◆ PROBLEM REQUIREMENTS ◆
In the data below, set down exactly the lines from the one containing "Chicago Bulls ×" up to and including the one containing "洗衣机不可烘干的标志图片". Leave the pictures out.

*** SUPPLIED INFORMATION ***

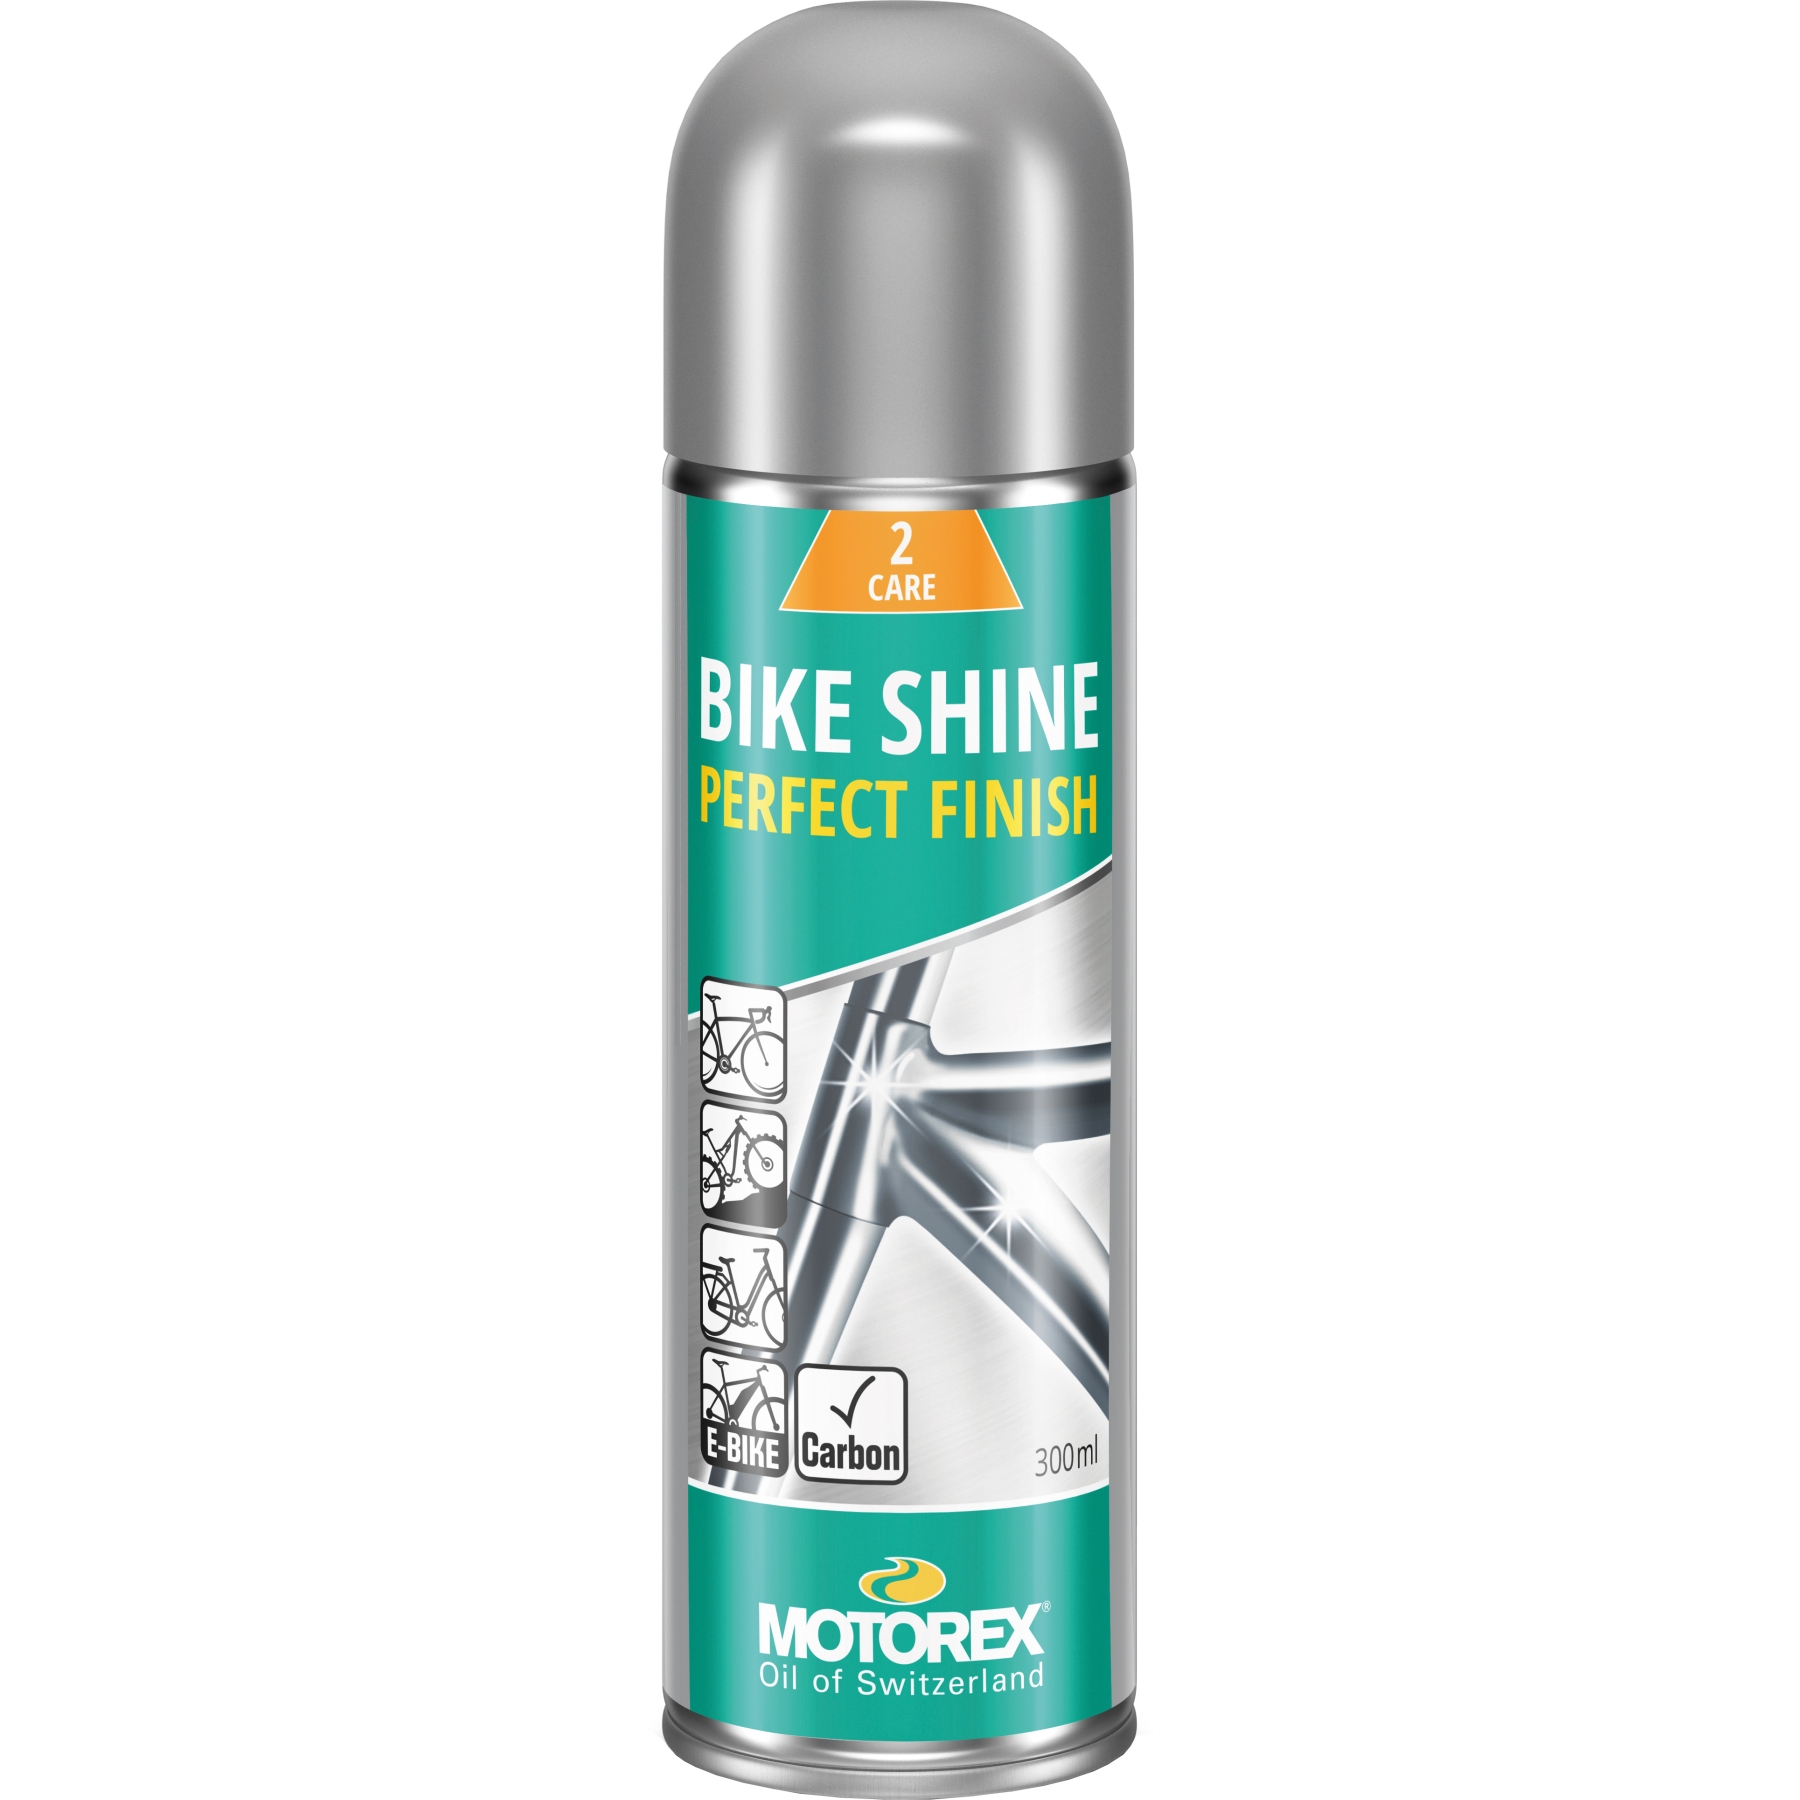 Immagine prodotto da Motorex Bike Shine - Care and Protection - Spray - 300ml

***
*** SUPPLIED INFORMATION ***

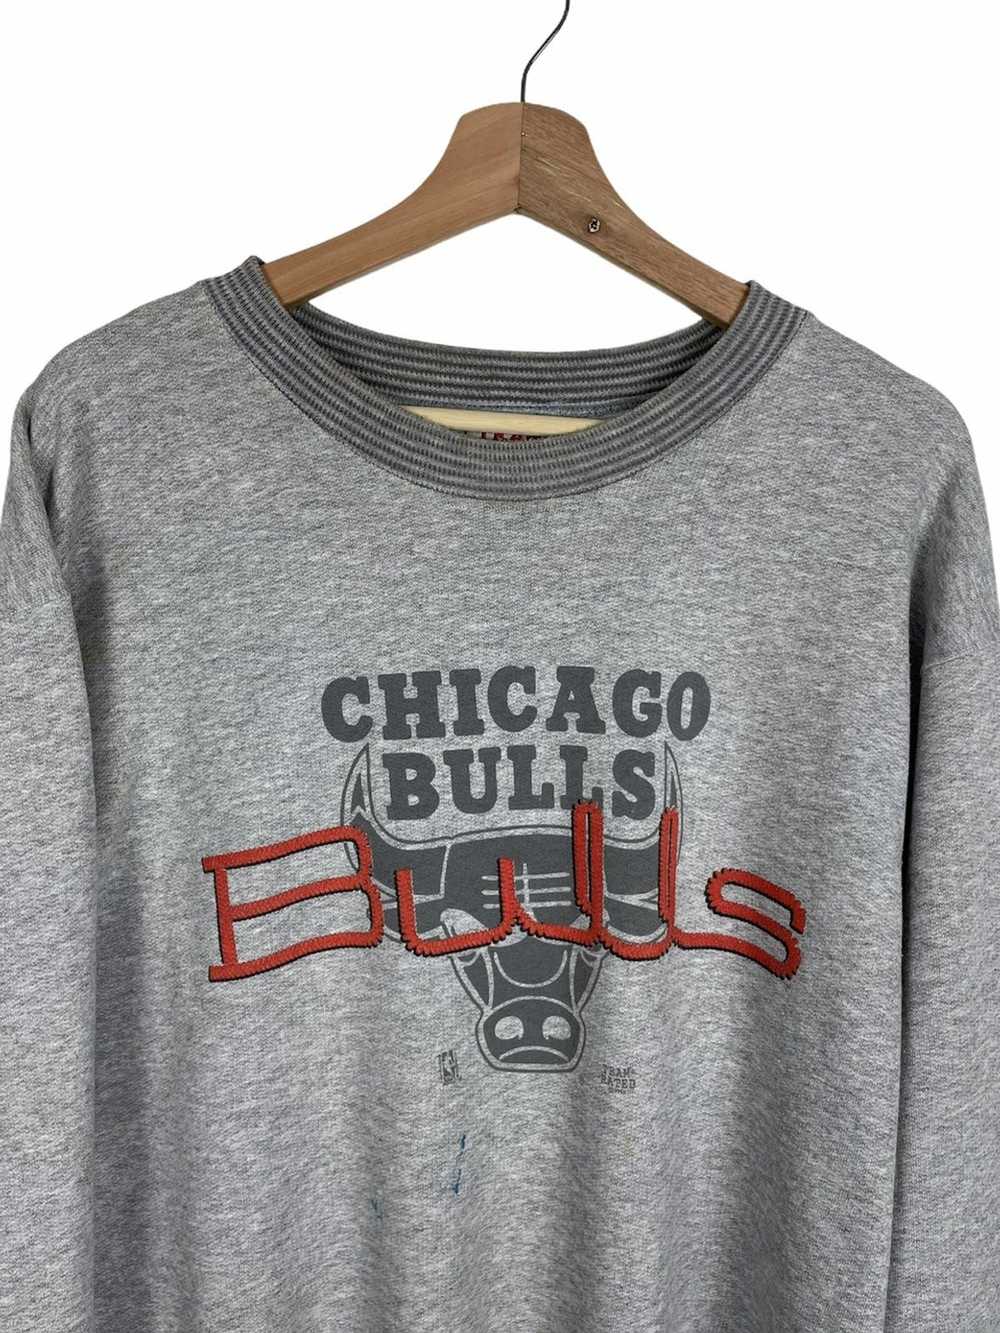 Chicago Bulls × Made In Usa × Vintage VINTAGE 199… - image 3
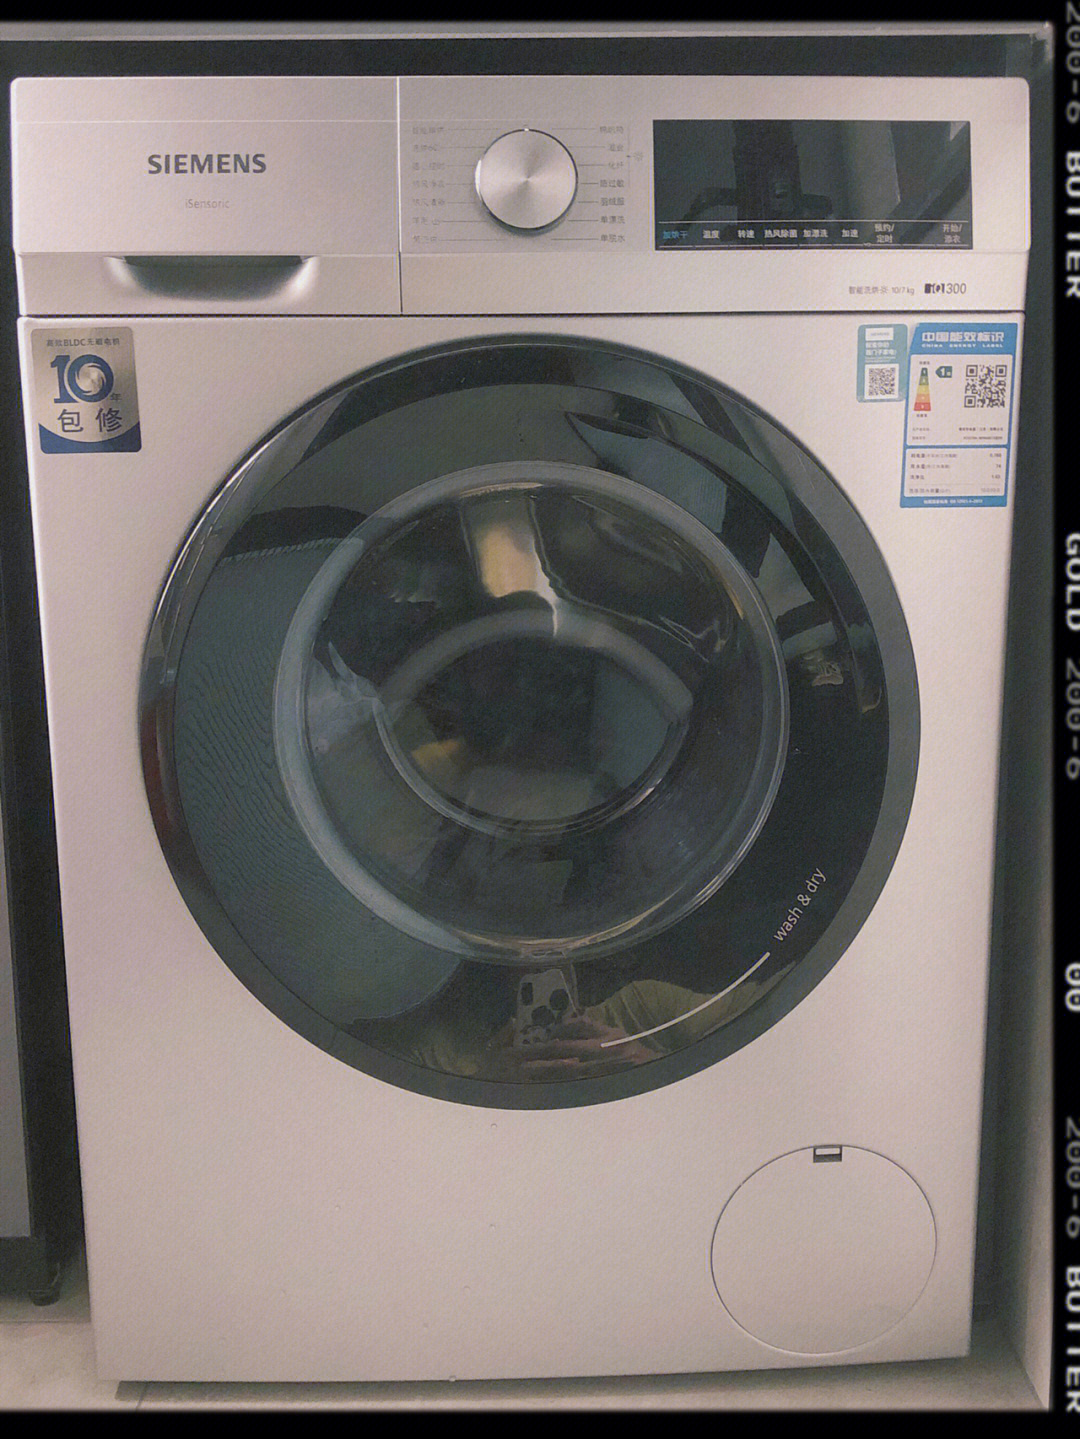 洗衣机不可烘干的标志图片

***

◆ ANSWER FOR THE TASK ◆
 Chicago Bulls × Made In Usa × Vintage VINTAGE 199… - image 3
 洗衣机不可烘干的标志图片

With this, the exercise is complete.